- [SUPPLIED DATA]
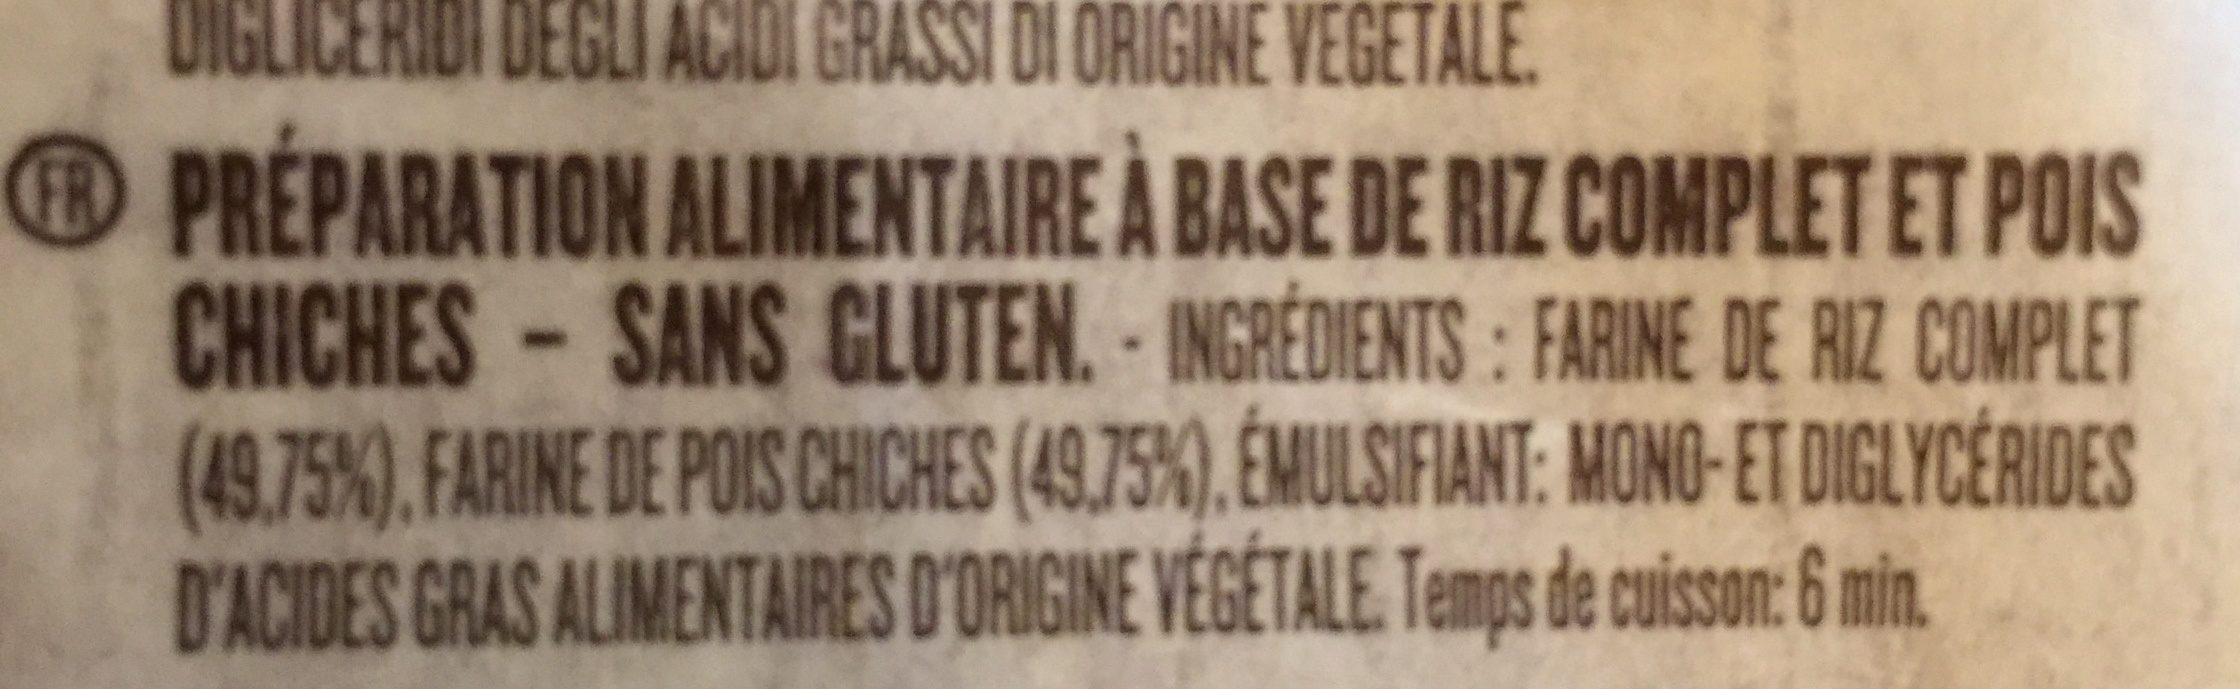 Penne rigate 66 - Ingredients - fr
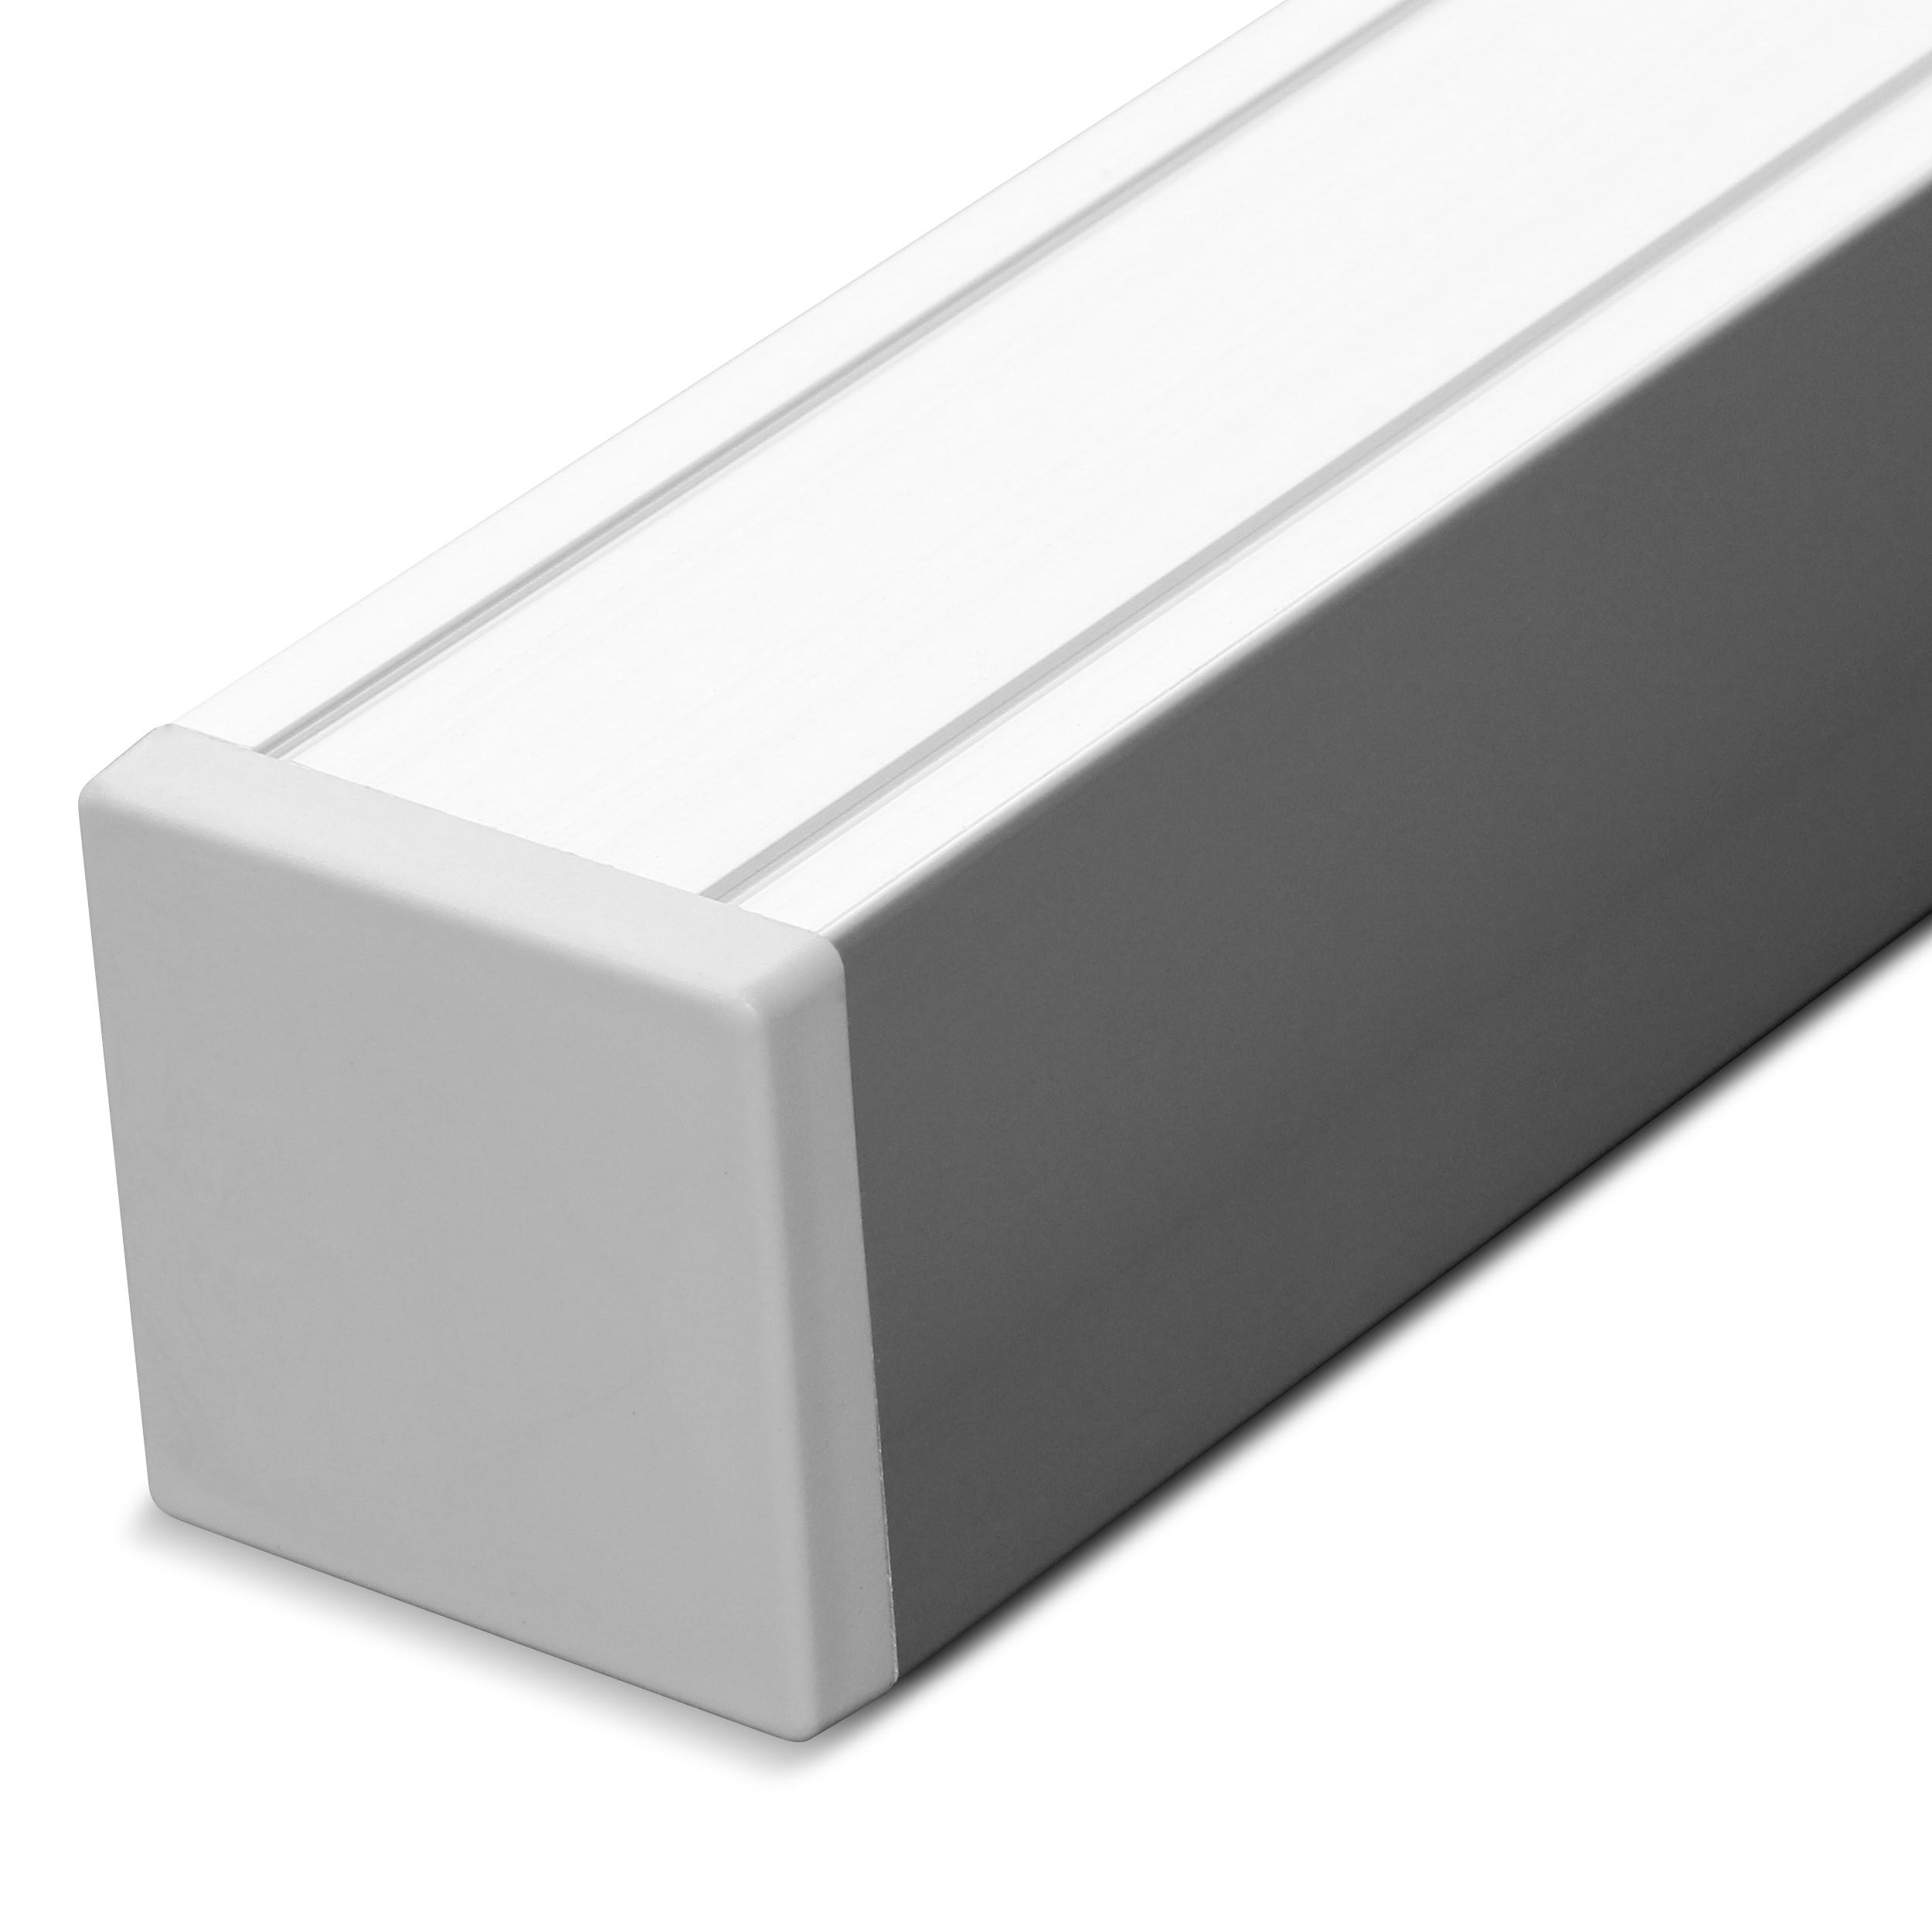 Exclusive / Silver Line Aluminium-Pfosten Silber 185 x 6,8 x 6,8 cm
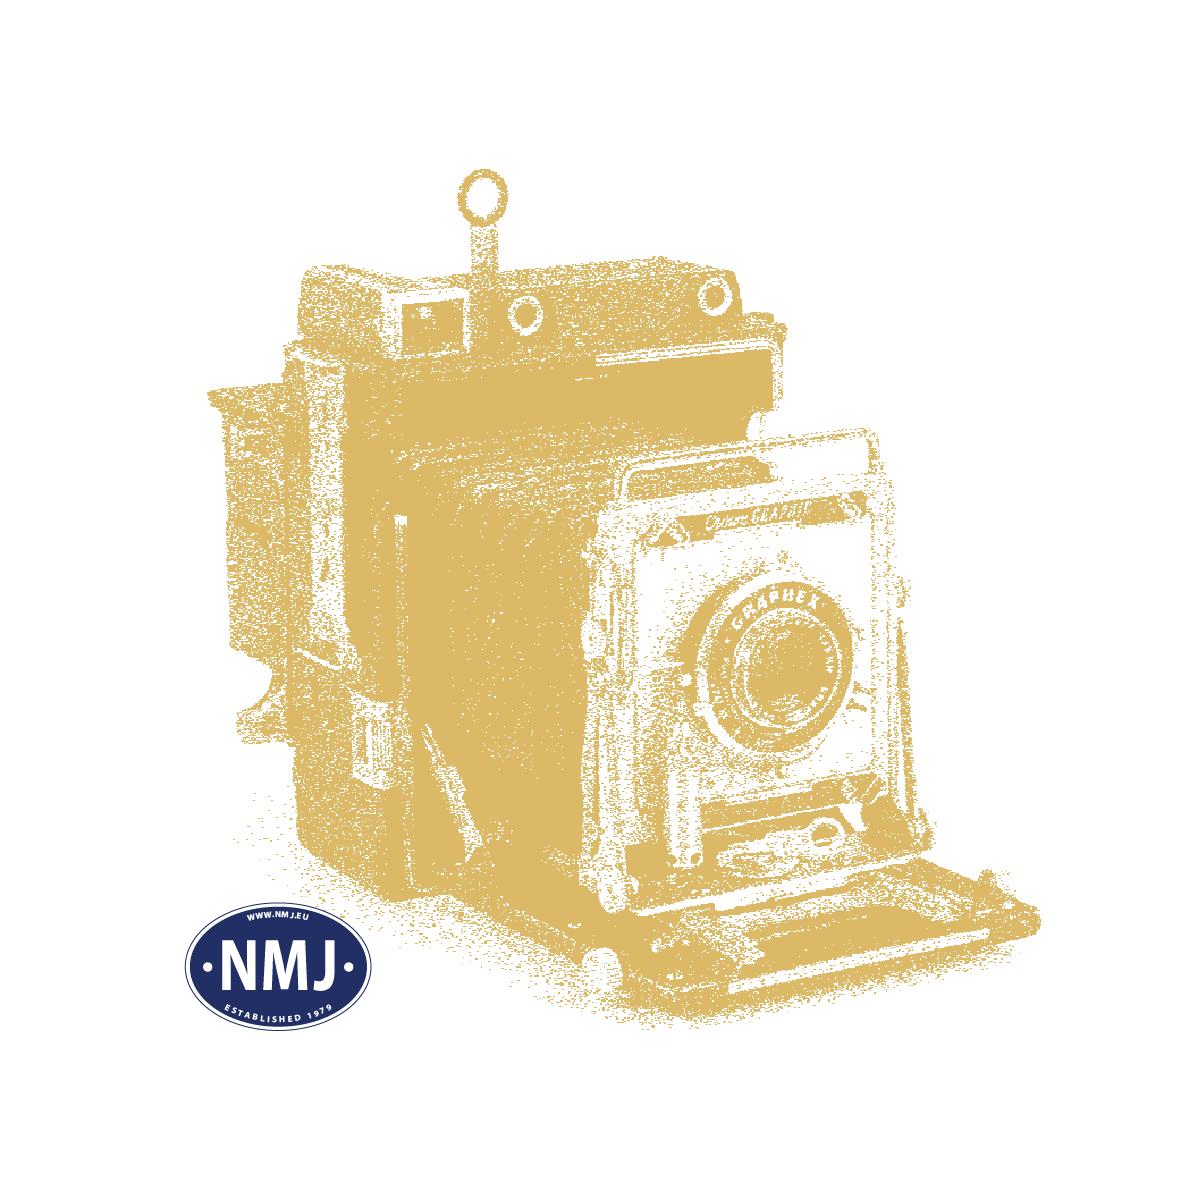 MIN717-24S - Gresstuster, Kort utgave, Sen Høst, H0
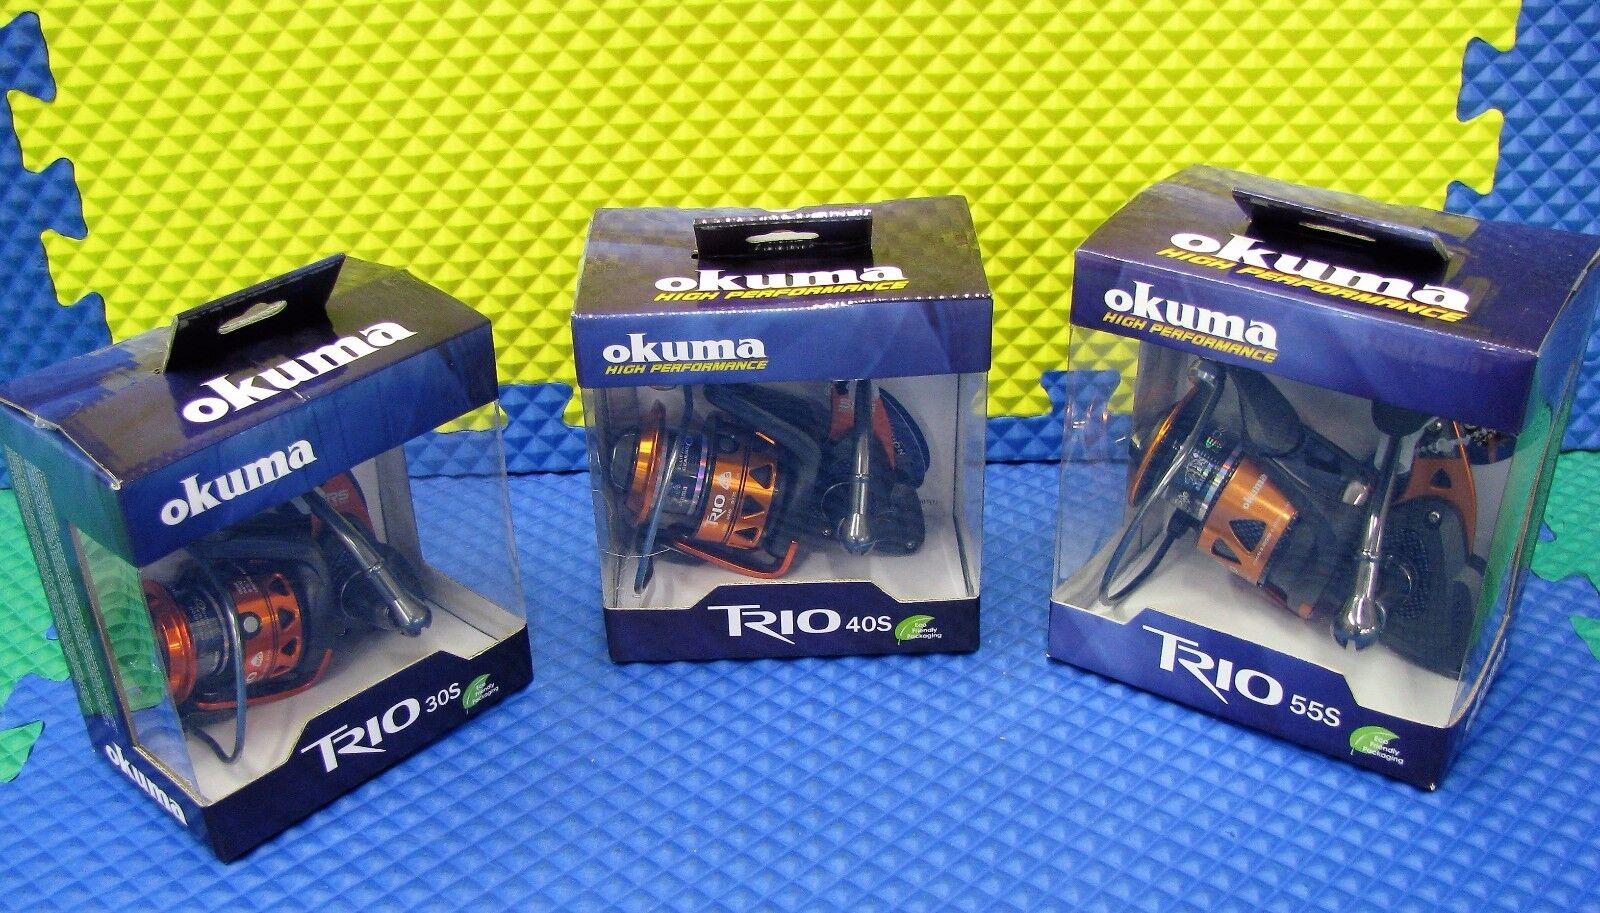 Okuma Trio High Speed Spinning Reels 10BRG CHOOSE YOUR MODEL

- [YOUR INSTRUCTIONS] The data above should be returned in full, exactly as written, apart from its images.

- [SOLVED EXERCISE]
 Penne rigate 66 - Ingredients - fr
 Exclusive / Silver Line Aluminium-Pfosten Silber 185 x 6,8 x 6,8 cm
 MIN717-24S - Gresstuster, Kort utgave, Sen Høst, H0
 Okuma Trio High Speed Spinning Reels 10BRG CHOOSE YOUR MODEL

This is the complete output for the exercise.